К ноге Альберта Степановича привязали бельевую веревку. В целях страховки.
— Если что, нырнешь, как с «тарзанки», — пояснил Распутин.
— Спасибо, —вежливо поблагодарил Алик.
Слукавил, конечно. Никакой благодарности он не чувствовал. Правда, Климу было все равно. Крышу огласил утренний гимн экстремала:
Я буду жить еще один день,
И будет еще одна пьяная ночь!
— А я? — спросил Потрошилов у телевизионной антенны.
Та тупо промолчала. Ее дело было транслировать мыльные сериалы. А это интеллектуально убивает даже железо.
Спуск проходил по балконам. С другой стороны дома от якутского стойбища. В обстановке строжайшей секретности. Клим страховал Альберта Степановича. Они ползли тихо, огибая ящики с цветами, подвешенные велосипеды и сохнущее белье.
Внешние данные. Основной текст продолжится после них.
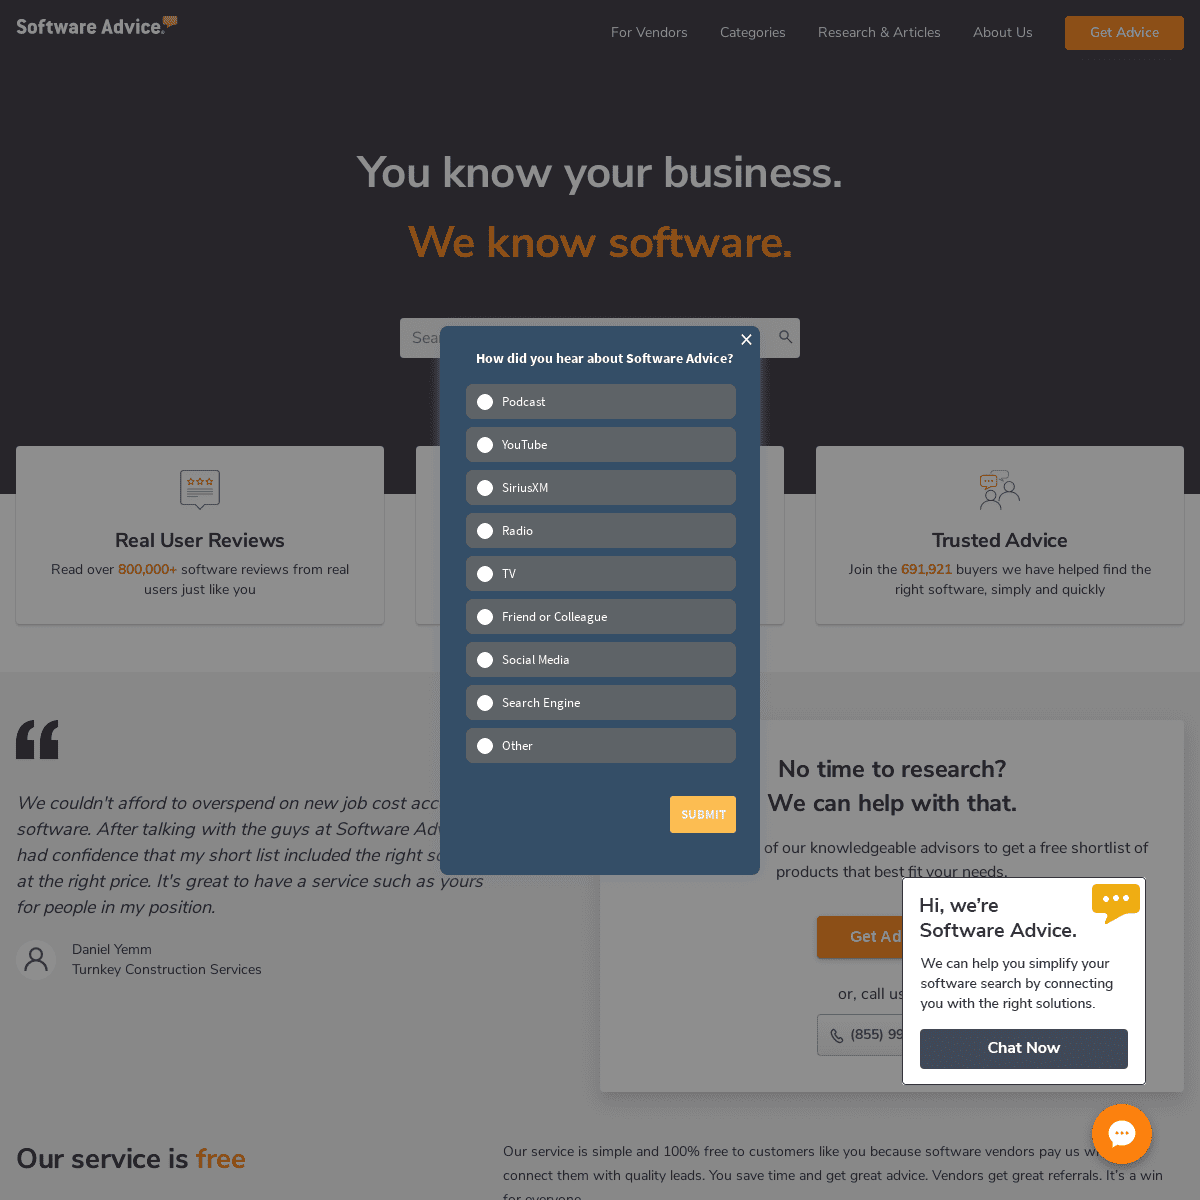 Business Software Reviews from Software Advice™

На втором этаже мирно курил пенсионер Кузькин. У него над головой висела вяленая плотва. Утро дышало покоем. Кузькин пускал вонючие кольца дыма и мечтал о пиве. Внезапно в поле зрения пенсионера беспардонно влезли чьи-то ноги. Такое вмешательство в мечту может парализовать кого угодно. Следом за ногами сверху поползло остальное. Кузькин понял — лезут за рыбой! От возмущения перехватило дыхание. Папироса выпала из ослабевших пальцев. Он открыл рот и поступил так, как обычно поступают настоящие мужики. Утро огласил возмущенный вопль:
21
Песня «Наутилуса…»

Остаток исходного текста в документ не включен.